### [Dataset extract]
========================================================================

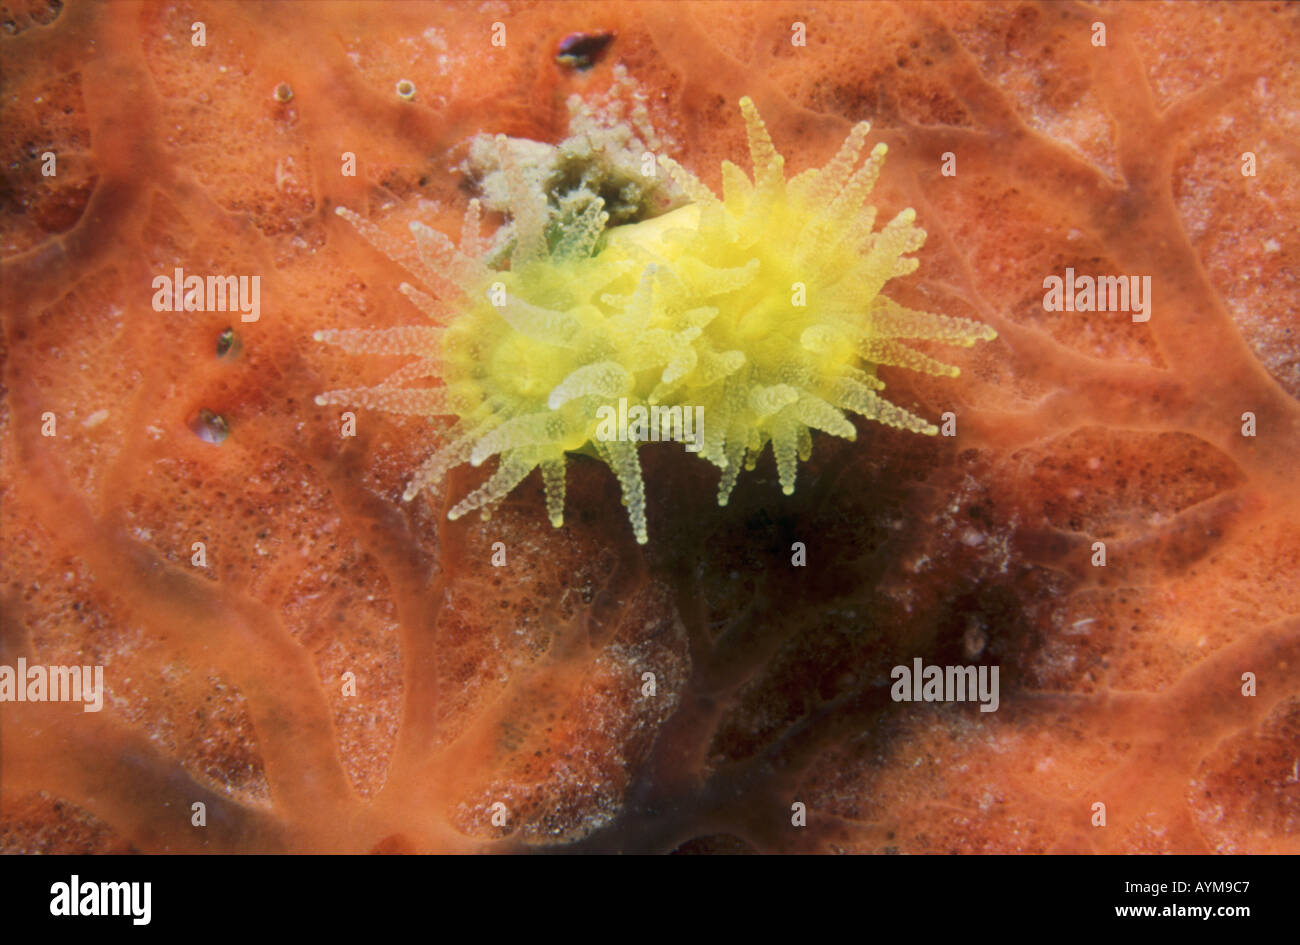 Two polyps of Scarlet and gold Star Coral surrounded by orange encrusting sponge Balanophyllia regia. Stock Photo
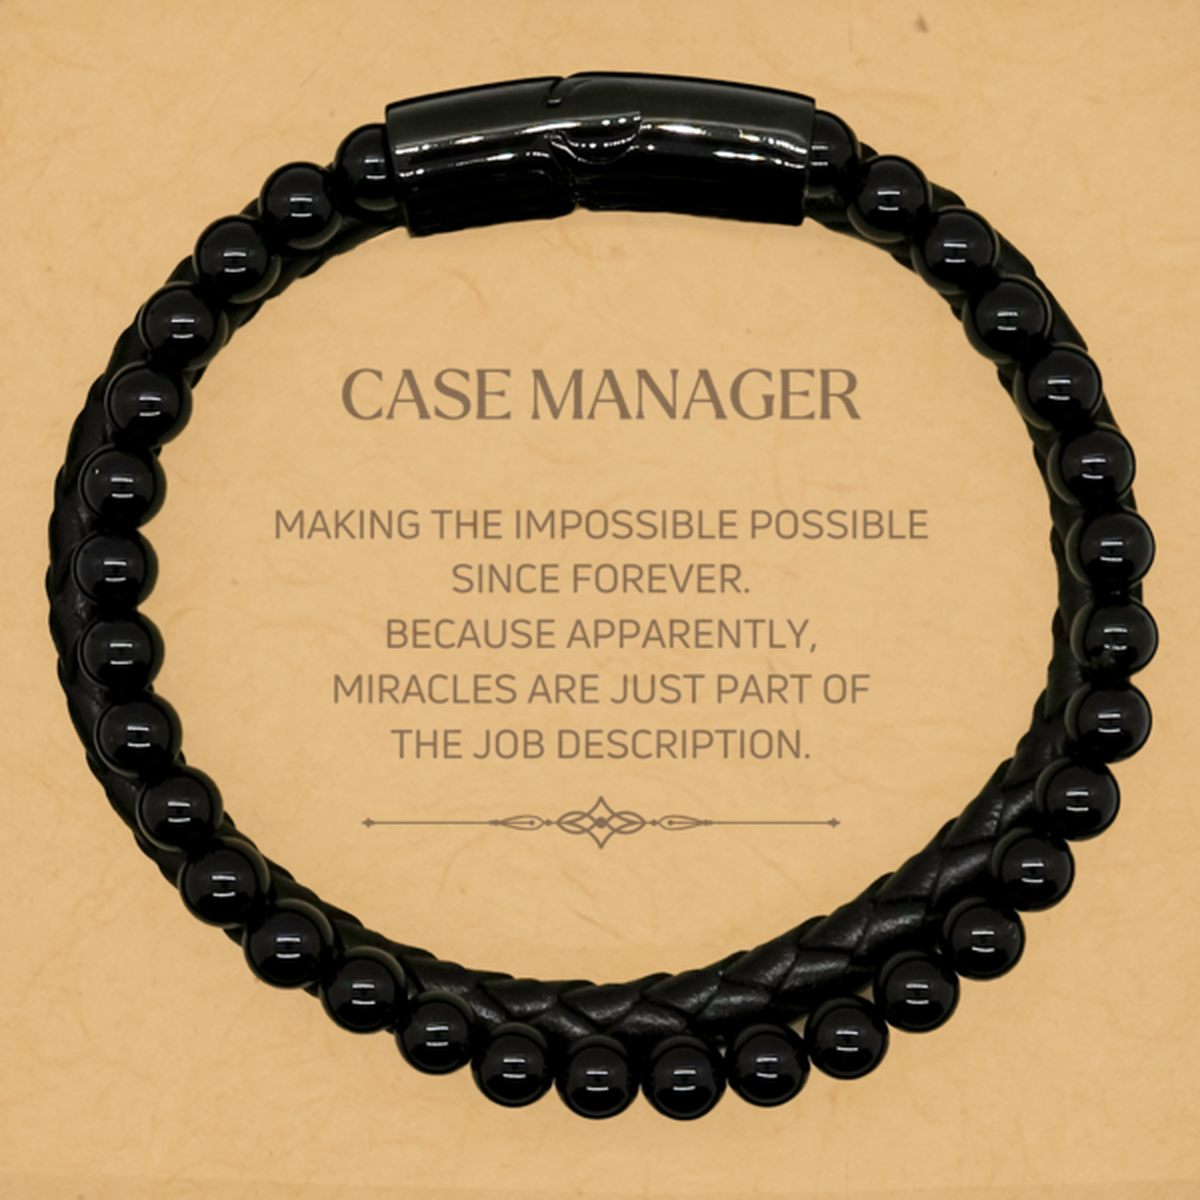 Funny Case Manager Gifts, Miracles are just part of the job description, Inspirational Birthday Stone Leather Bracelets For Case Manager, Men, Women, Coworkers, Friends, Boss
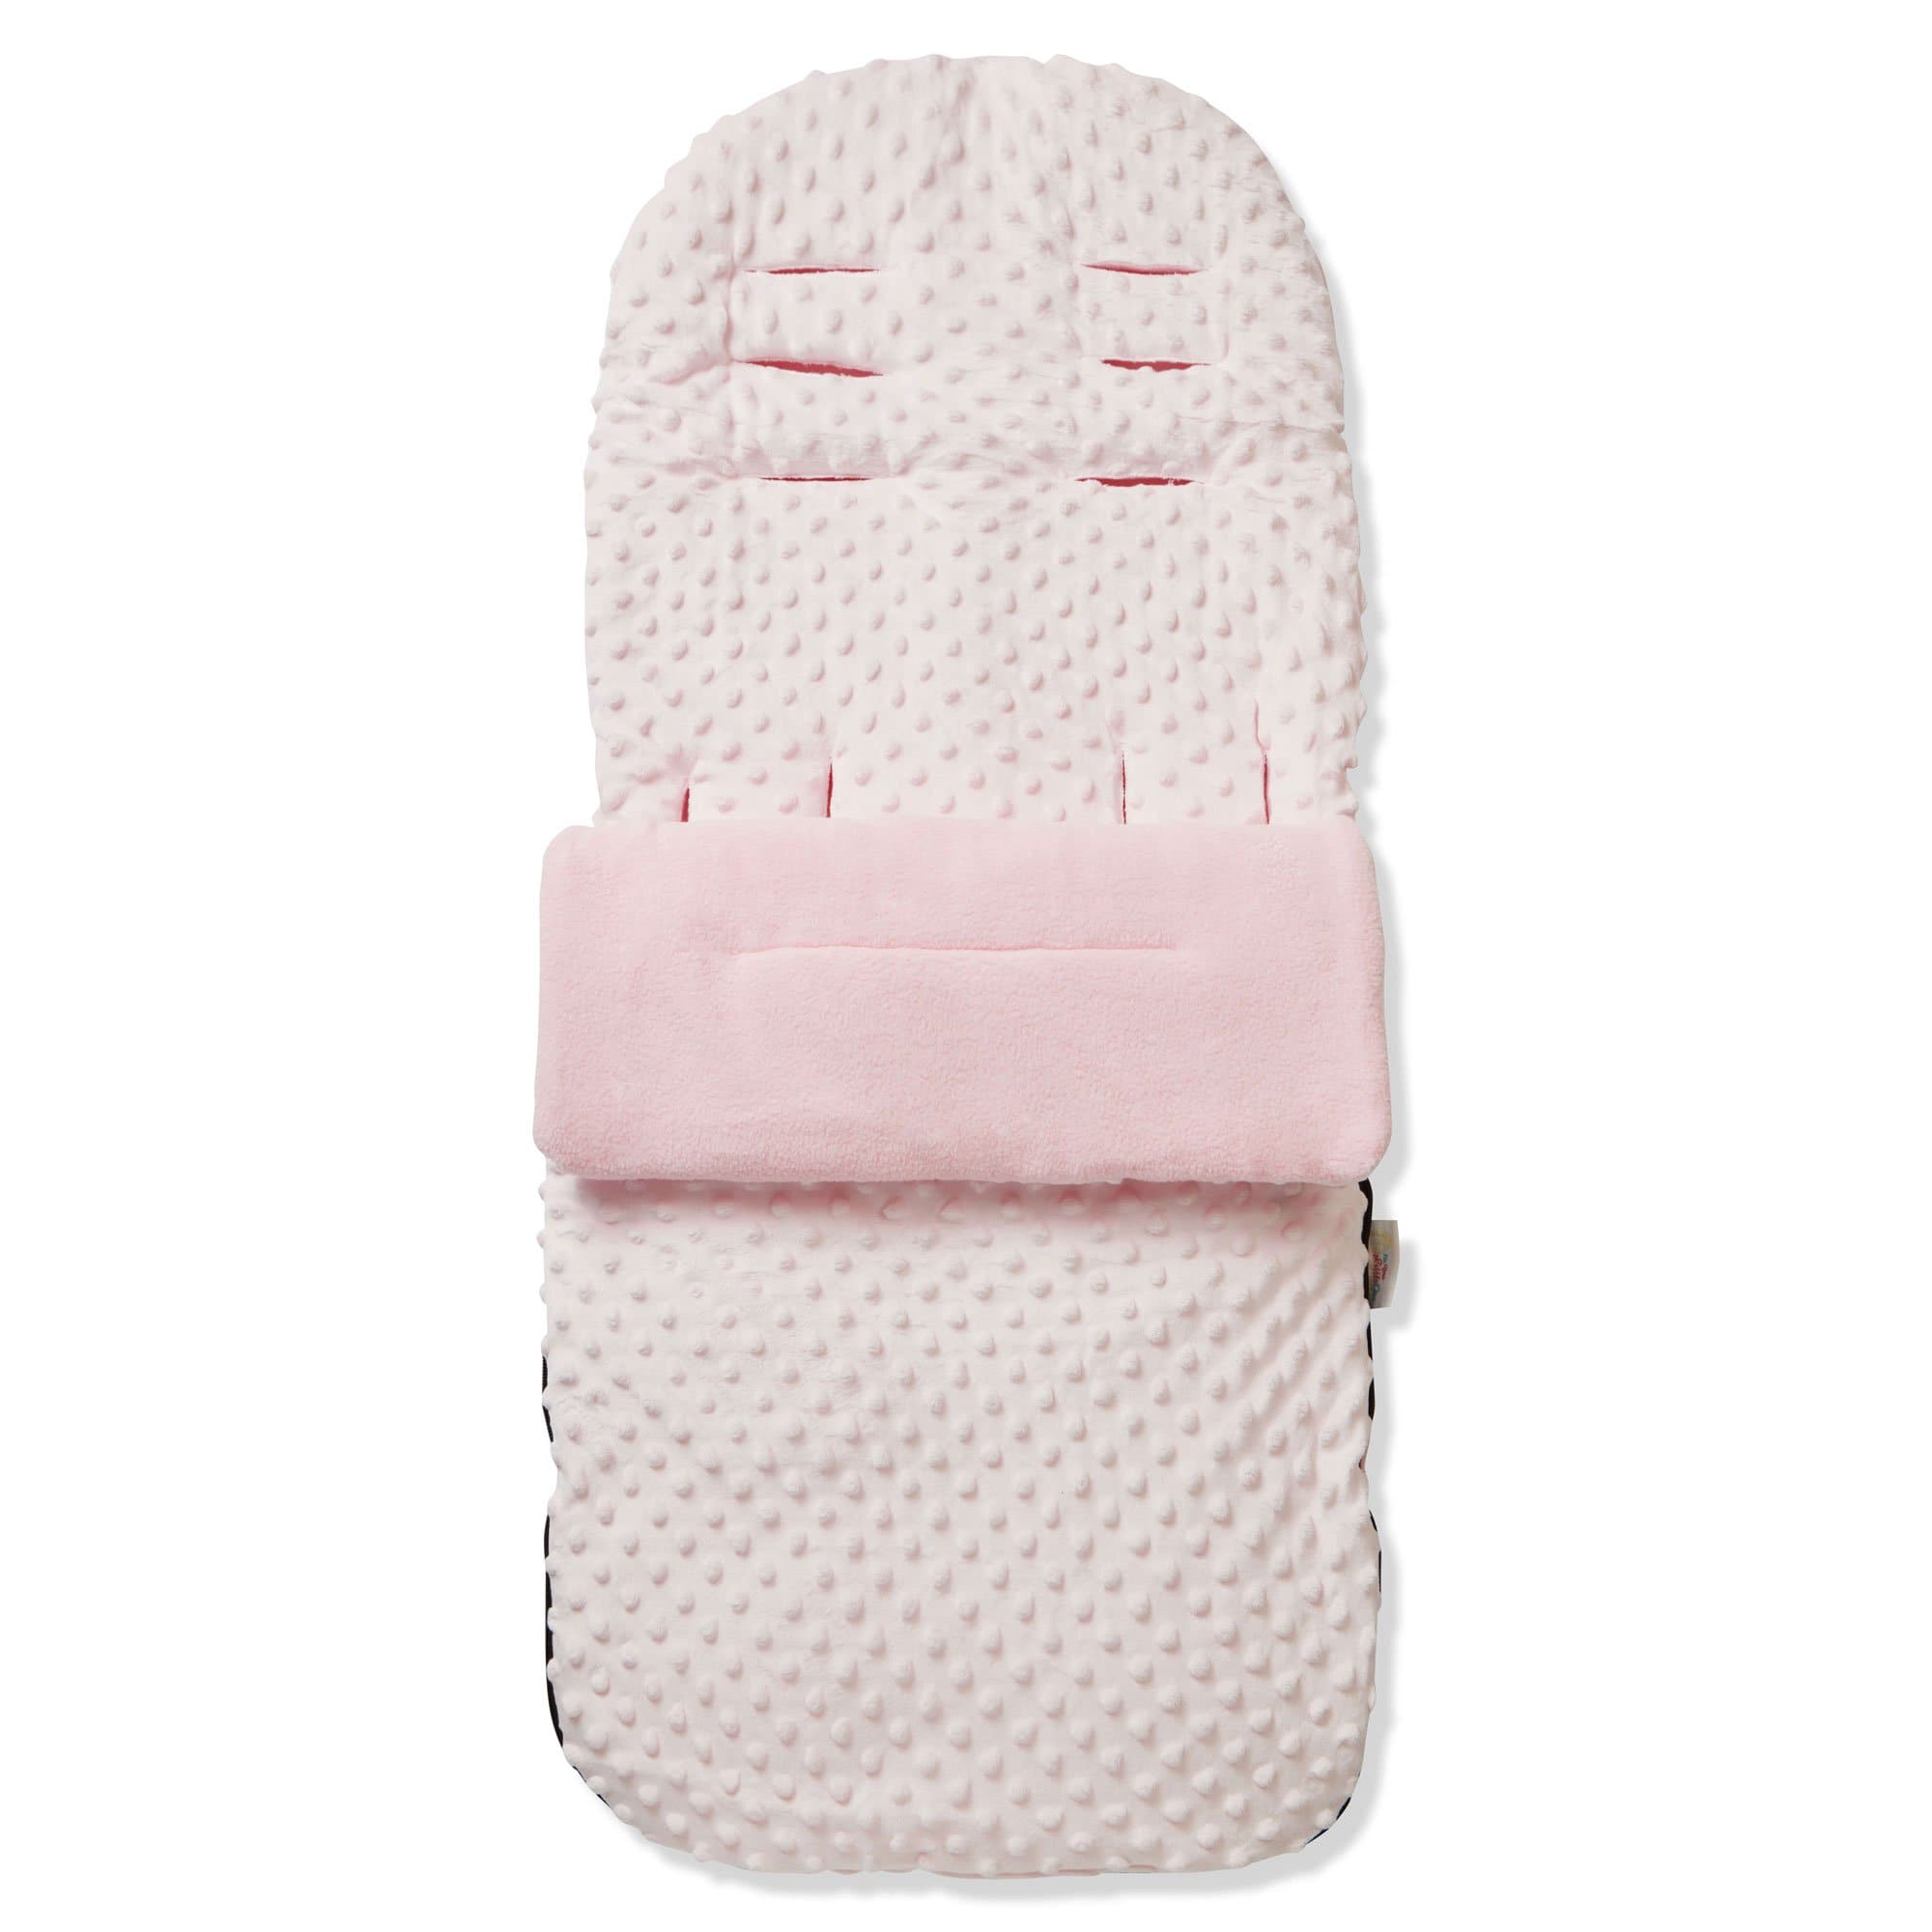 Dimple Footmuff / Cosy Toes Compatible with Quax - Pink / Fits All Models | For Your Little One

========================================================================

### [Directions]
Your answer should consist solely of the lines from the line with "Funny Case Manager" to the final line of the listing, set down word for word, pictures omitted.

### [Solved exercise]
 Funny Case Manager Gifts, Miracles are just part of the job description, Inspirational Birthday Stone Leather Bracelets For Case Manager, Men, Women, Coworkers, Friends, Boss
 Dimple Footmuff / Cosy Toes Compatible with Quax - Pink / Fits All Models | For Your Little One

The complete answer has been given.